>>>

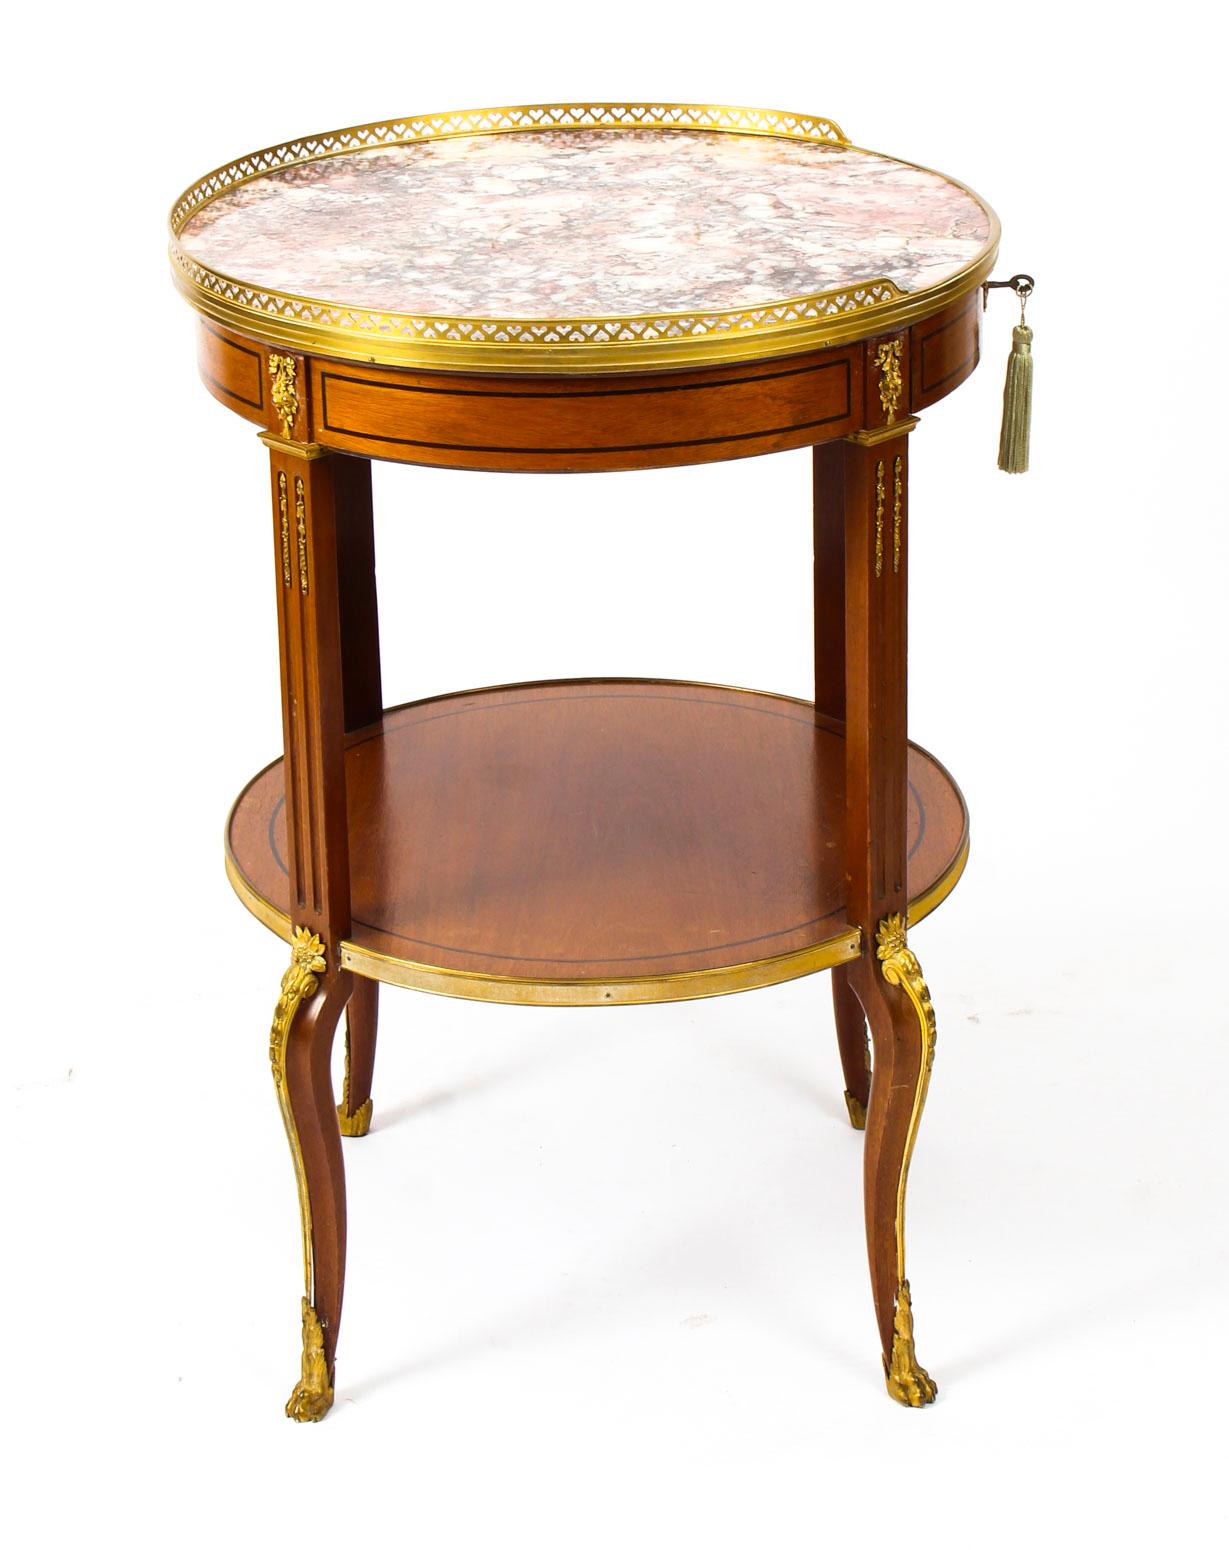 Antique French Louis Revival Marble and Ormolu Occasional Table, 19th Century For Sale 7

<<<
>>>

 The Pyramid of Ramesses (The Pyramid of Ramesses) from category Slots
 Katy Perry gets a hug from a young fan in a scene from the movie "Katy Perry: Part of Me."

<<<
>>>

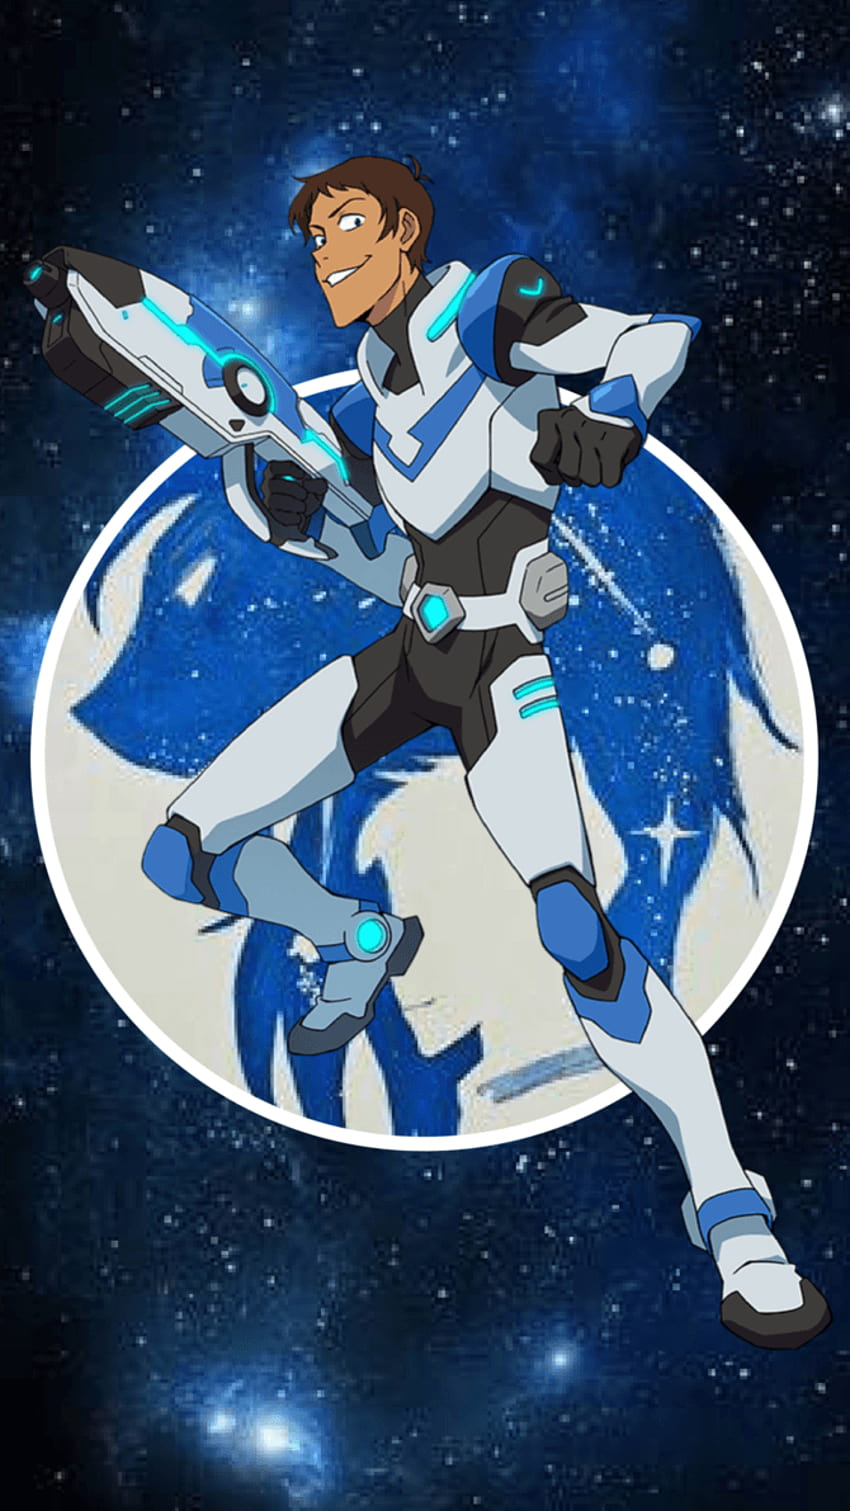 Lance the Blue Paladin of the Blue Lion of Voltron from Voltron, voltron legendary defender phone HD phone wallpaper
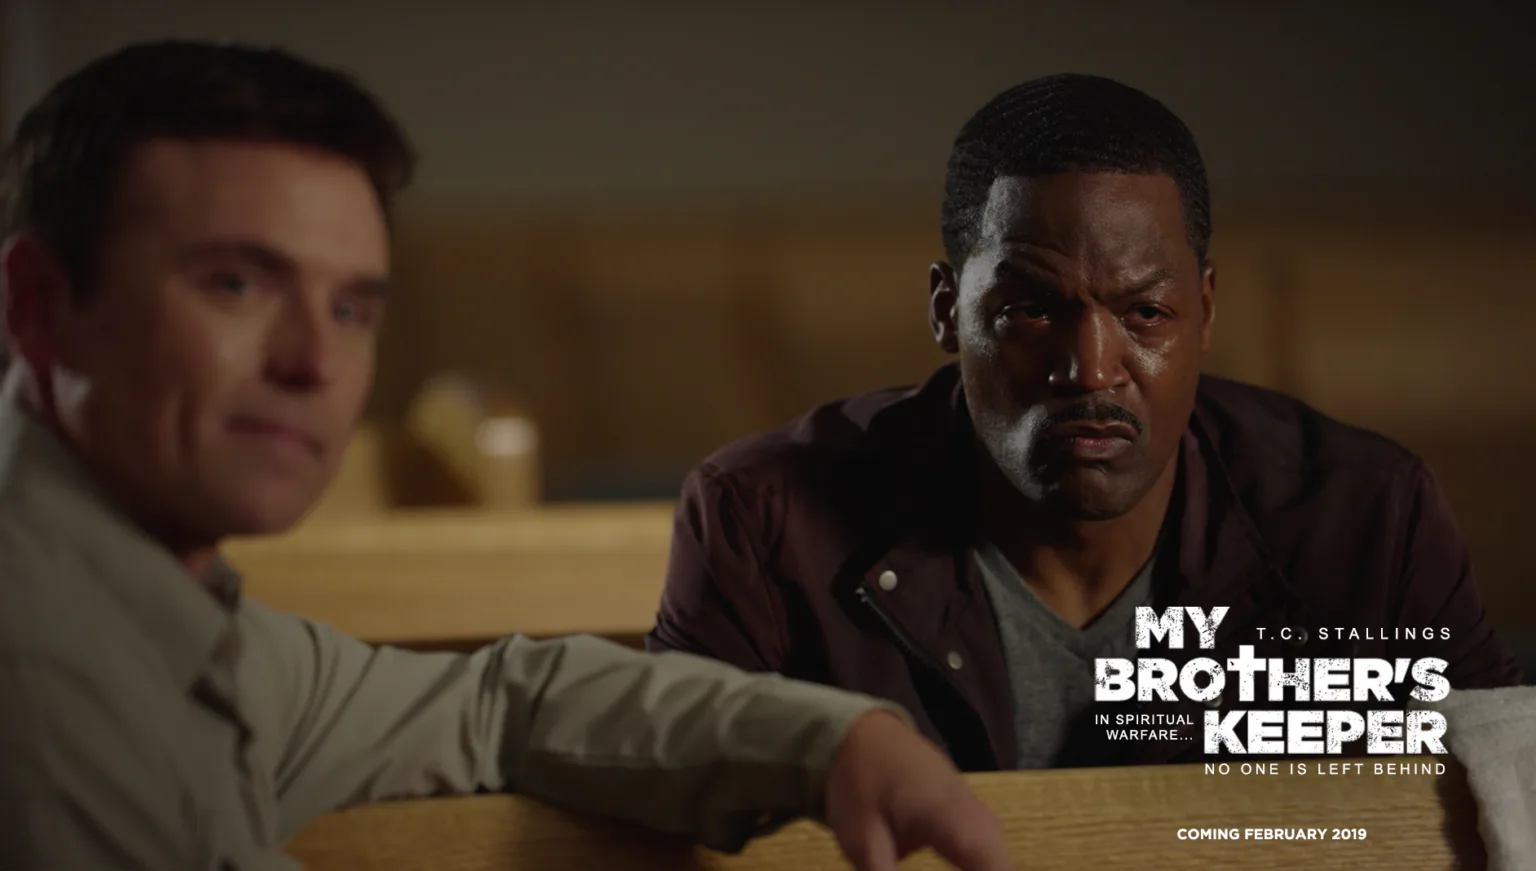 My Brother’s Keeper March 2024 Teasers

<<<

TASK INSTRUCTIONS: Above are the records; repeat exactly the lines from the one holding "The Pyramid of Ramesses (The" down to the one holding "Katy Perry gets", end lines included.

FINAL ANSWER:
 The Pyramid of Ramesses (The Pyramid of Ramesses) from category Slots
 Katy Perry gets a hug from a young fan in a scene from the movie "Katy Perry: Part of Me."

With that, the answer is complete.